The conversation explored the complex realities of scaling a creative business while trying to maintain one's humanity. This is particularly challenging when navigating the realities of the economic landscape.



So how do we do it? Answers on a postcard, but here are five of the most important takeaways from our conversation...

1. Values Aren't Wall Art - They're Essential for Effective Business

When we hit around 35 people in our London office, I noticed that something changed. It is around that size that culture stops taking care of itself. We identified our best employees and then worked out the values they display every day. We consolidated these and assessed every team member against them.

The hard part? Having to part ways with people who aren't a values match. It's easy to put values on the wall. It's brutal to actually use them to make people decisions. But without that discipline, you can't scale globally. Values are what you do when no one's looking - and in a business spanning eight time zones, nobody's looking most of the time.

2. Know What You're Not Good At

In my wedding speech, I said something cheesy but true: carbon and iron are very different elements, but together they make steel. The same principle applies to business partnerships and team building.

You don't need to be perfect at everything to be a successful entrepreneur, but you do need to know your weaknesses and surround yourself with people who complement your strengths.

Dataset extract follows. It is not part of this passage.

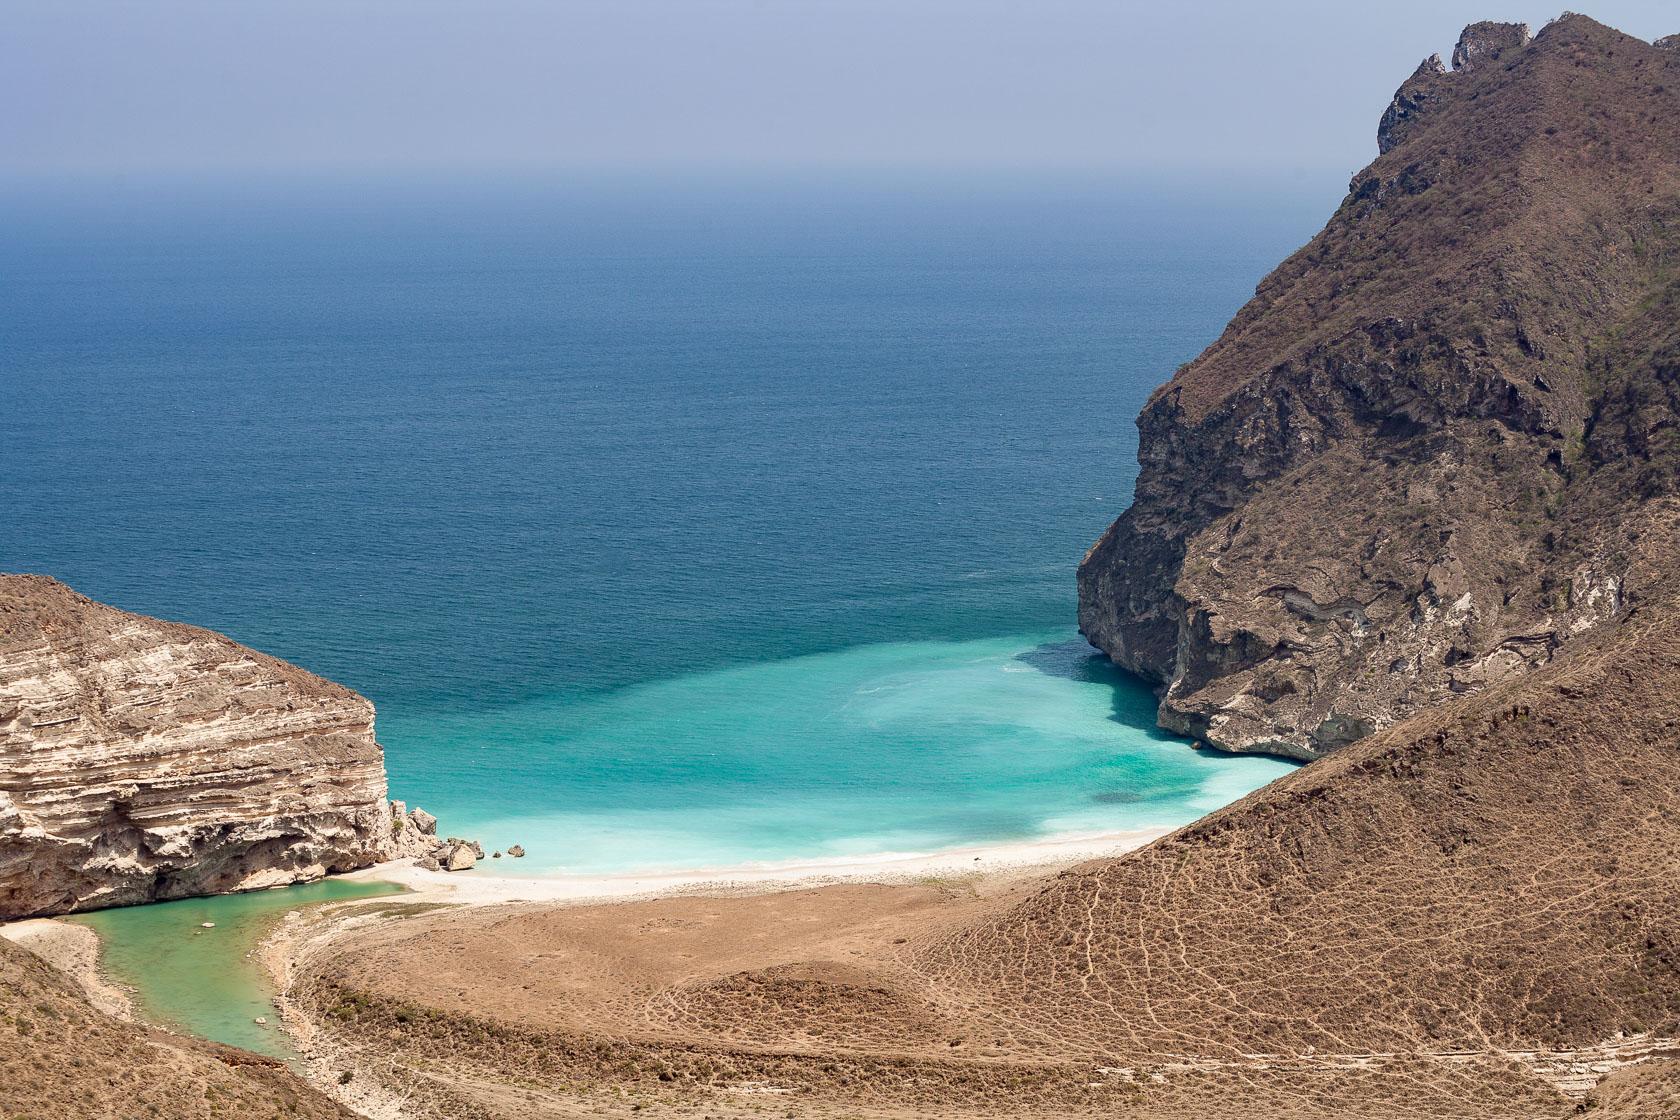 Wadi Al Mughsayl, dans le Dhofar à Oman

When we brought in our CFO Edward - a chartered accountant who understood creativity - it transformed how we operated. Good people don't just fill gaps; they take the weight and make the job easier.

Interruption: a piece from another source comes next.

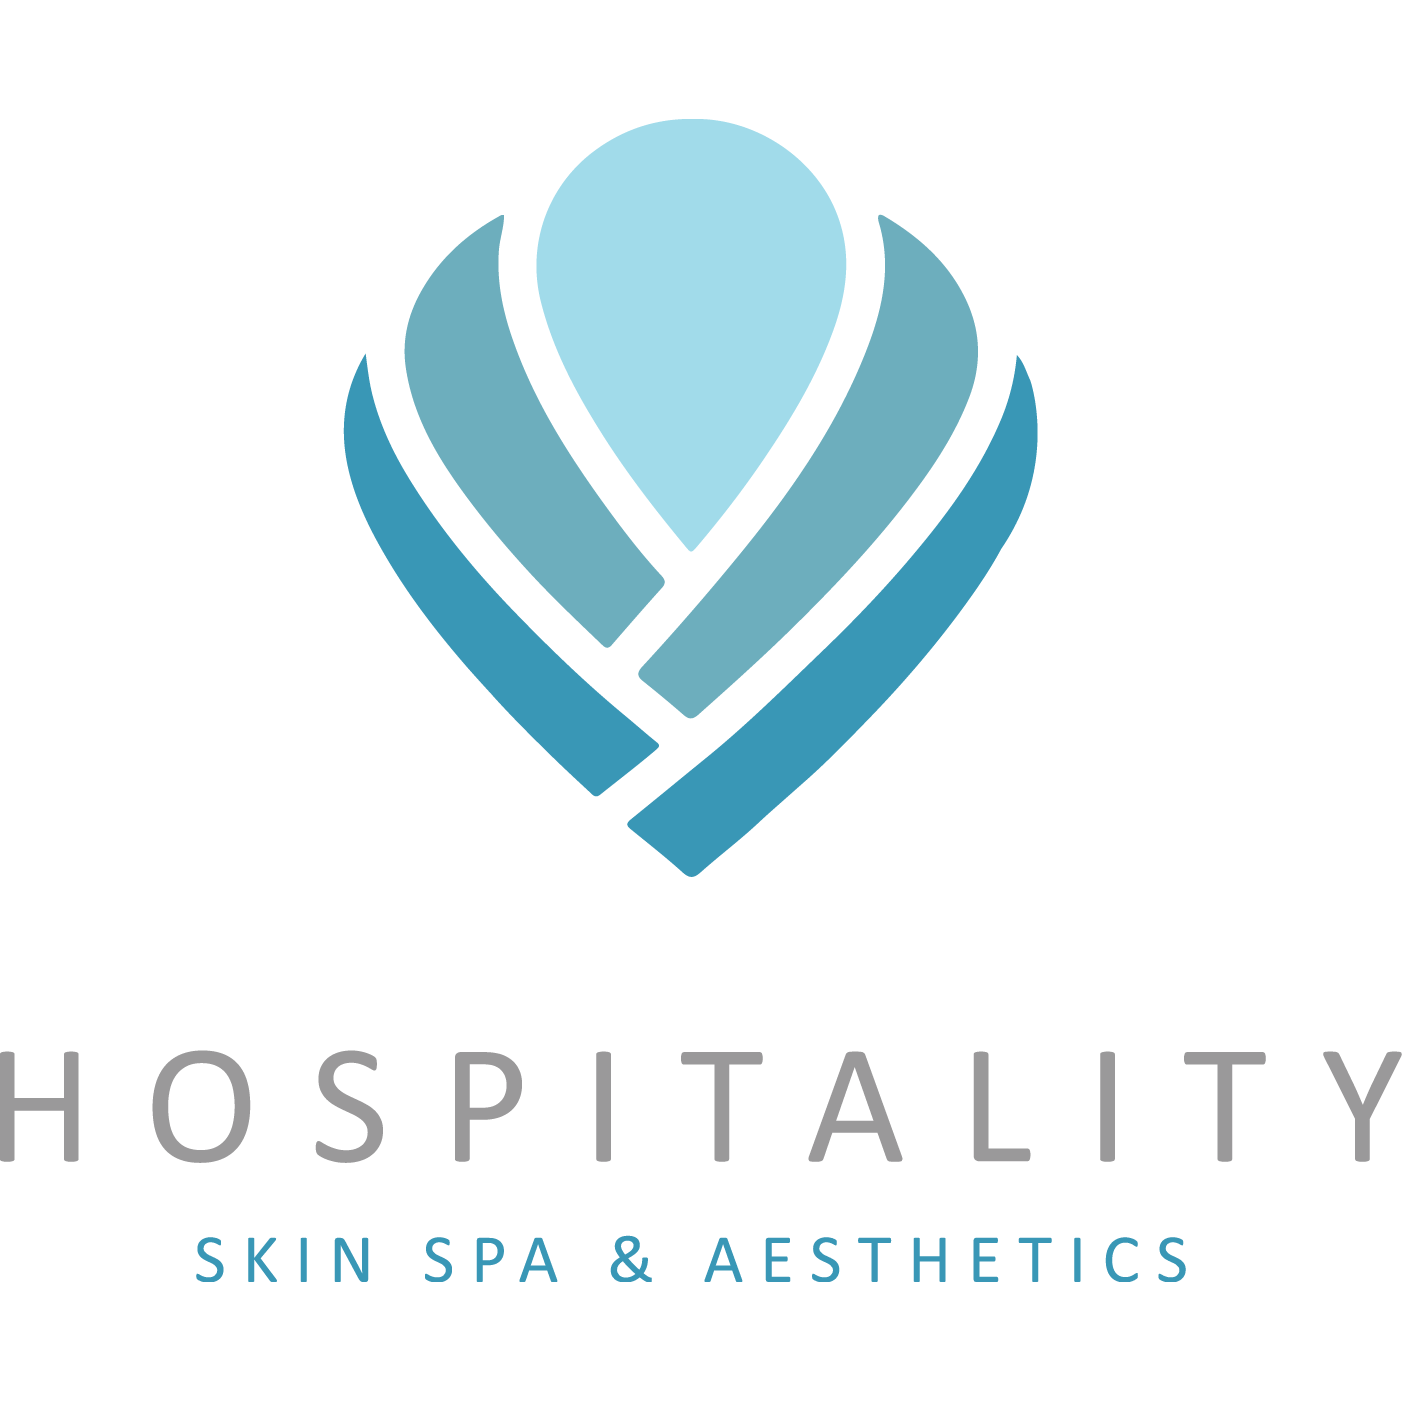 Hospitality Skin Spa & Aesthetics

3. Provision Isn't Love - Presence Is

Living in San Francisco, surrounded by fabulously wealthy who don't seem satisfied (Elon?), has taught me something essential: happiness comes from appreciating that wherever we're headed, we're already there. Thinking that the next summit you're aiming for will solve your problems is a recipe for wishing your life away.

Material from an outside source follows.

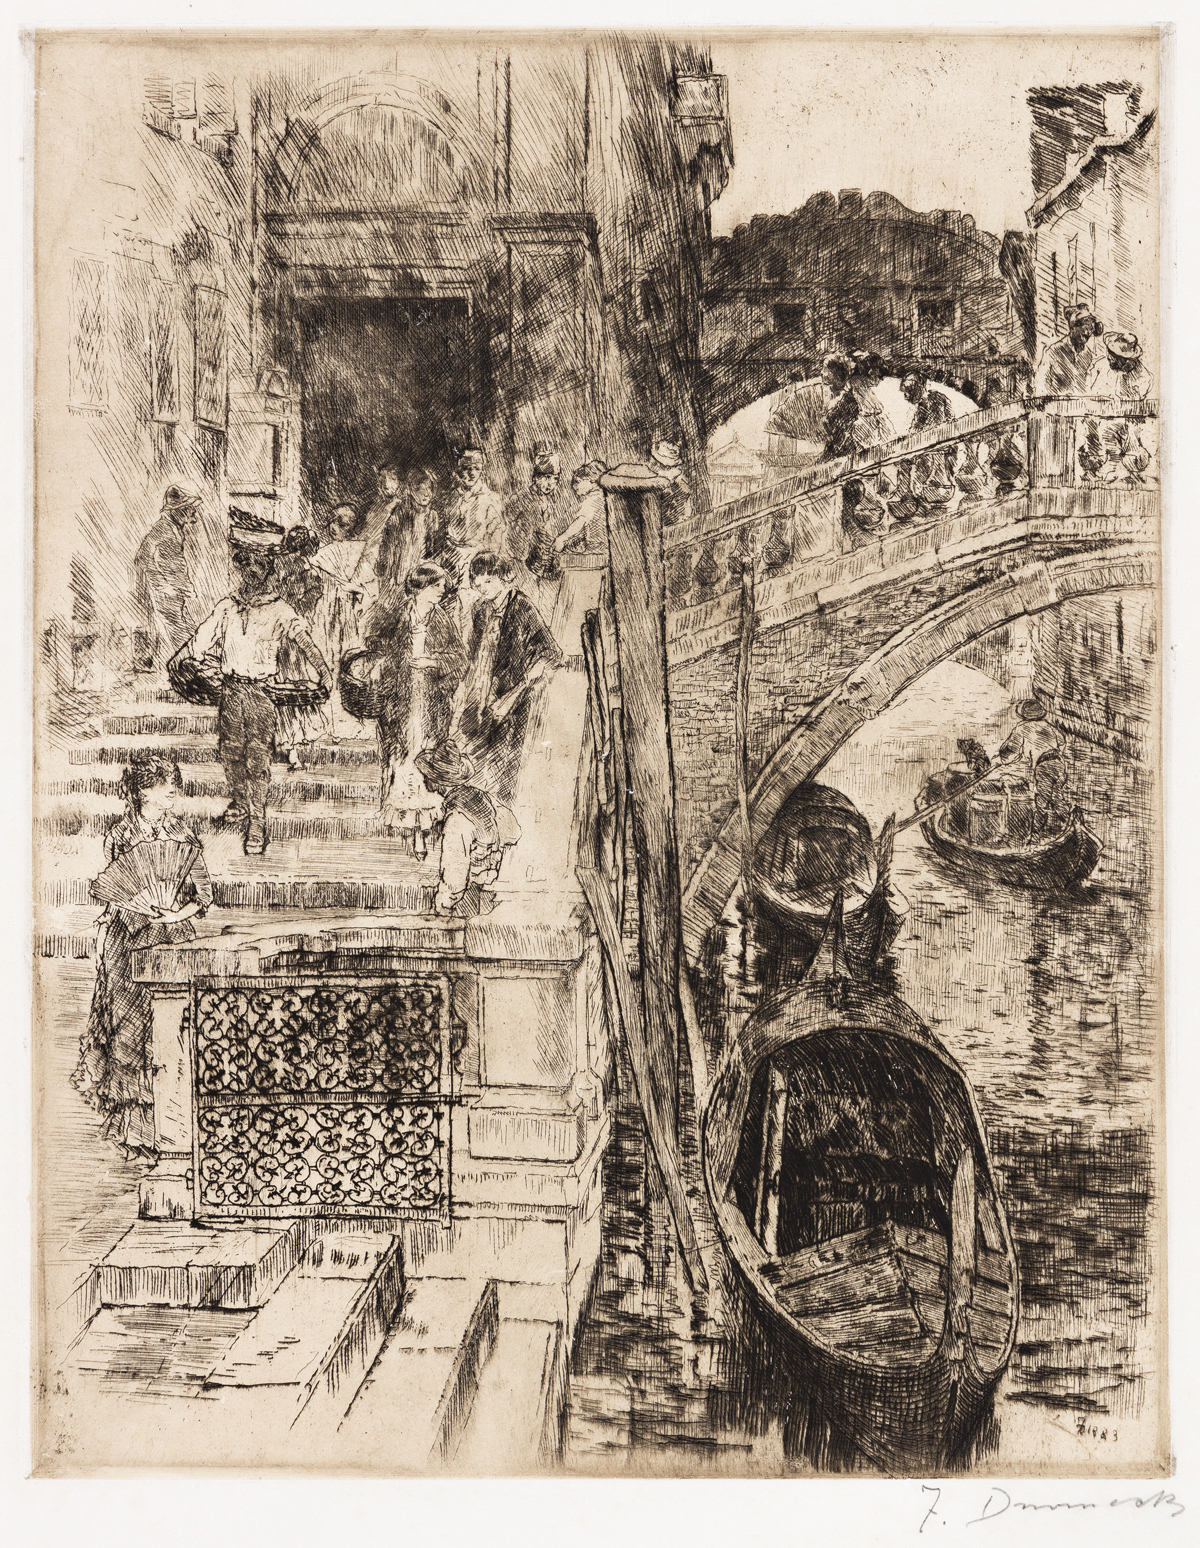 FRANK DUVENECK The Bridge of Sighs, Venice (First Plate).

A coach told our leadership group: "If you're a breadwinner, you kid yourself that provision is love. Actually, presence is love." Being there for your family without distraction, without your phone, without worrying about work - that's what matters. Time with our loved ones is the only truly finite resource.

4. Fitness Is About Feeling Strong, Not Being Strong

After nearly losing my mind trying to finish my book while managing the business, I learned to schedule exercise first. Monday run, Tuesday personal trainer, Wednesday run, Thursday swim, Friday bike, Saturday swim.

A lot of the benefit is not about being strong - it's about feeling strong. When you're running any sort of organisation in an uncertain world, fitness gives you the mindset to confront problems and overcome them. Plus, my best ideas come while exercising away from the office.

5. We Are the Sum of Our Stories

We are the sum total of the stories we tell ourselves. Countries, businesses, and individuals are all shaped by their narratives. "I'm not creative" is just a story, probably stemming from an incident in a third-grade art class. "I'm not good at public speaking" is another story. "I'm not a people person" - another story.

Some stories you can control, some you can't. But catching yourself in negative self-talk and actively rewriting your personal stories can be transformative.

The Bottom Line

We often overvalue the risk of doing something different and undervalue the risk of staying the same. You have agency in writing your own future.

Risk contains potential. If something scares you, it's probably an opportunity to grow. We spend too much time worrying about what will happen to us and not enough time realising we can actively shape what happens next.

The world doesn't have to be something that happens to you. You're an active participant in your own life.



Want more insights on building businesses with heart? The full podcast conversation dives deeper into the challenges of global expansion, the reality of letting people go during tough times, and why creativity is fundamental to being human.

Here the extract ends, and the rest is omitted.